Unstructured data includes everything from audio, including voices and other kinds of sounds, and video, and images – and that’s not easy for a search engine to find and present, notes IBM Watson CMO Jordan Bitterman.

When IBM Chief Digital Officer Bob Lord was recently asked what the most transformative technology is right now, he immediately pointed to unstructured data.

“Using the data to get creative insight is at the top of the list,” Lord said following his presentation at last week’s Ad Age Next conference. “What artificial intelligence will allow you to do is to get at that ‘dark data,’ that unknown data: unstructured data. Right now, as marketers, we have access to ‘known data,’ structured data, which makes up roughly 20 percent of the world’s data.”
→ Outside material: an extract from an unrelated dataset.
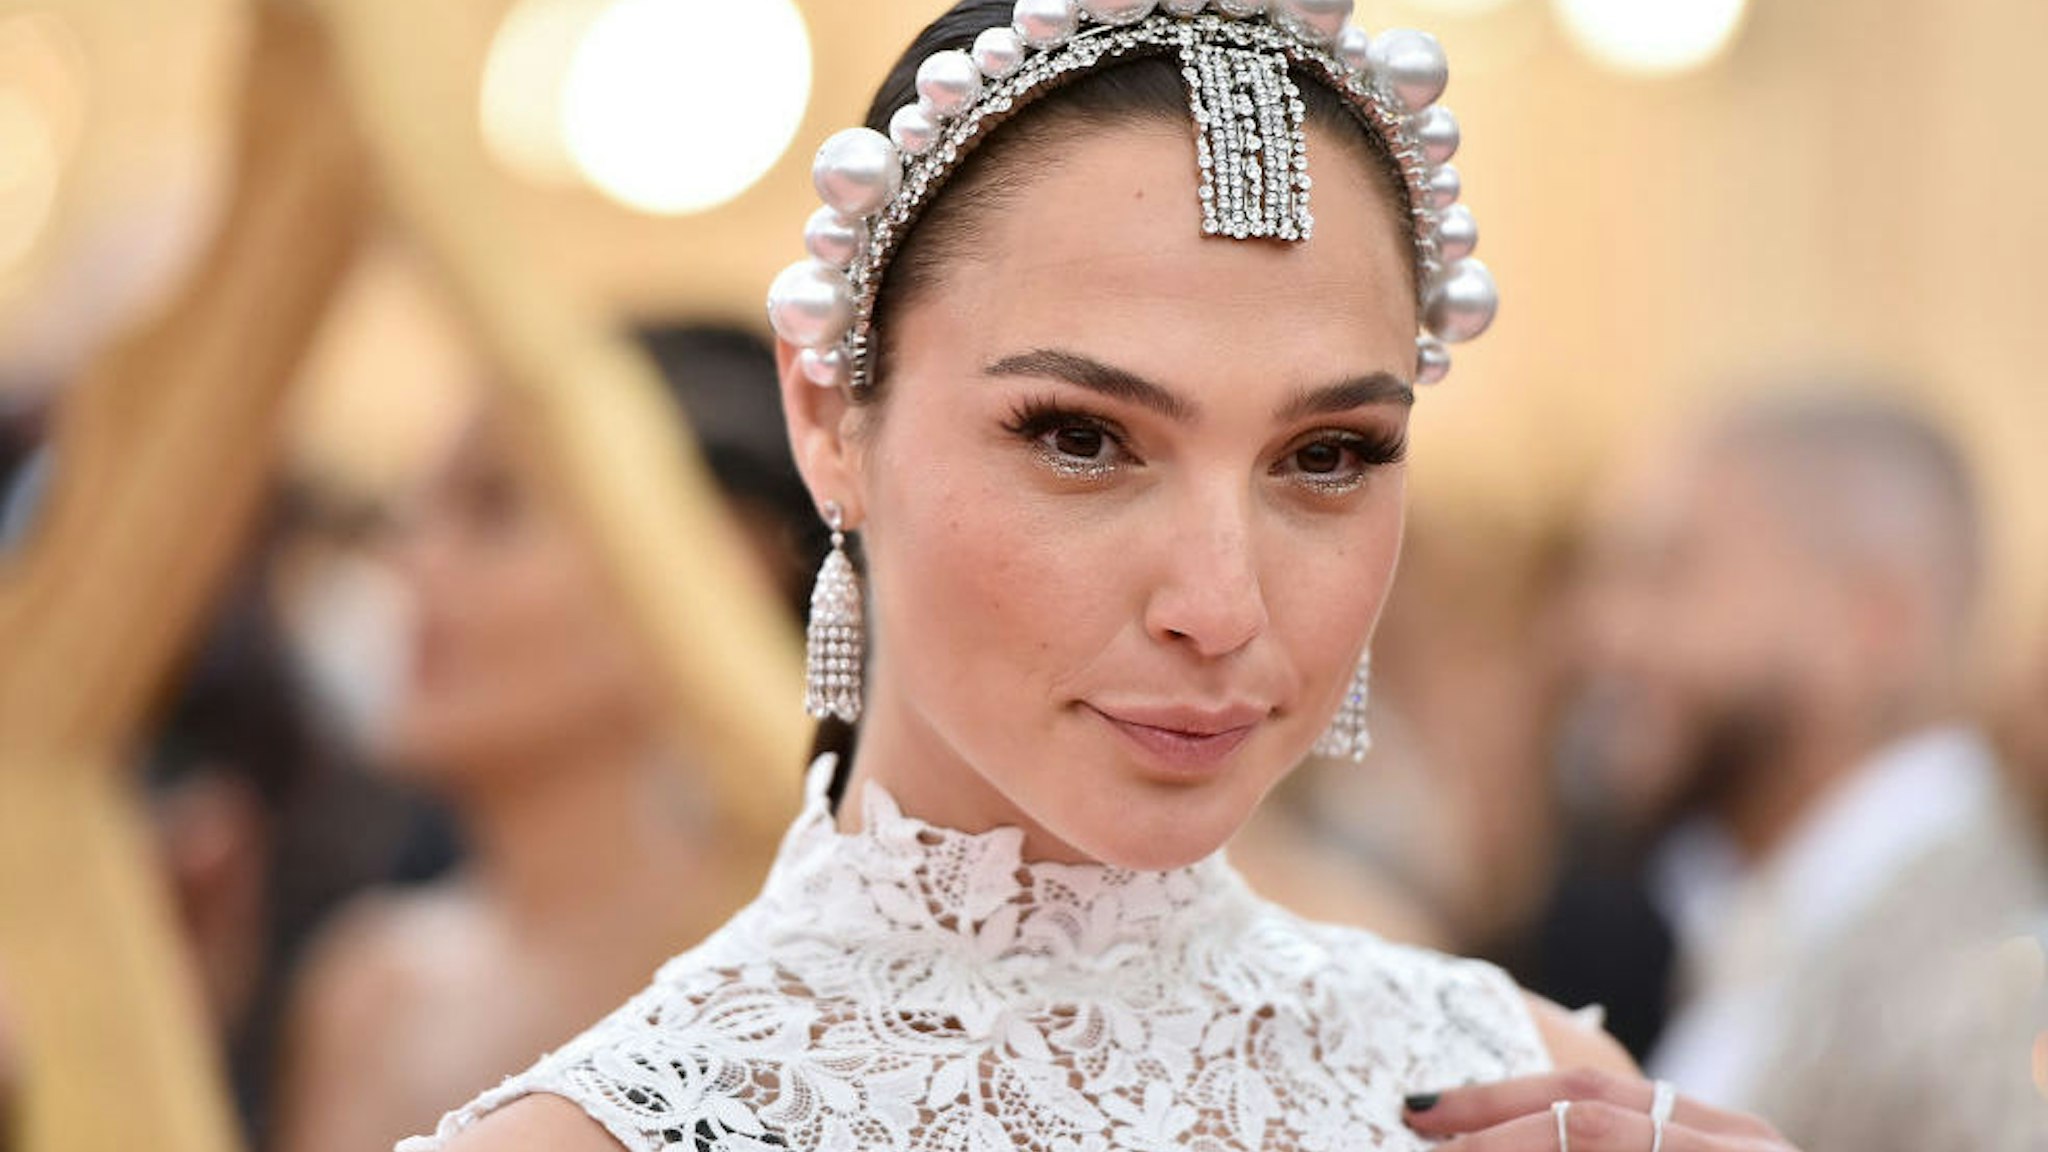 Gal Gadot attends The 2019 Met Gala Celebrating Camp: Notes on Fashion at Metropolitan Museum of Art on May 06, 2019 in New York City.

What AI will allow you do will allow you to get insight on imagery, videos, tweets, text, and voice at scale, Lord said. You can get insight on behavioral patterns of consumers that remain otherwise elusive via regular channels, such as search.

“If you combine the structured and the unstructured data together, you now have insight in ways you never had before,” Lord said, “which will help to improve our targeting, our creative, and ultimately, the value chain that we create for that consumer.”

All good points.

But what exactly is unstructured data? And why is it important for brands to understand it at this point in time?

IBM Chief Digital Officer Bob Lord at Ad Age Next 2017

For that, Lord suggested we check in with Jordan Bitterman, CMO for IBM’s Watson Content & IoT Platform, ‎which oversees The Weather Company, Watson Advertising, and Watson Media.

In a conversation, Bitterman offered a simple analogy: think of the difference between structured data and unstructured data in the way of thinking of moments that are scripted – it’s been written down, saved or otherwise collected in an easily sharable, repeatable, widely accessible format; then consider something unscripted: something more nebulous, harder to grasp, original, that doesn’t fit a preconceived design or arrangement.

“Scripted versus unscripted is a good way to begin to understand what makes unstructured data important,” Bitterman said.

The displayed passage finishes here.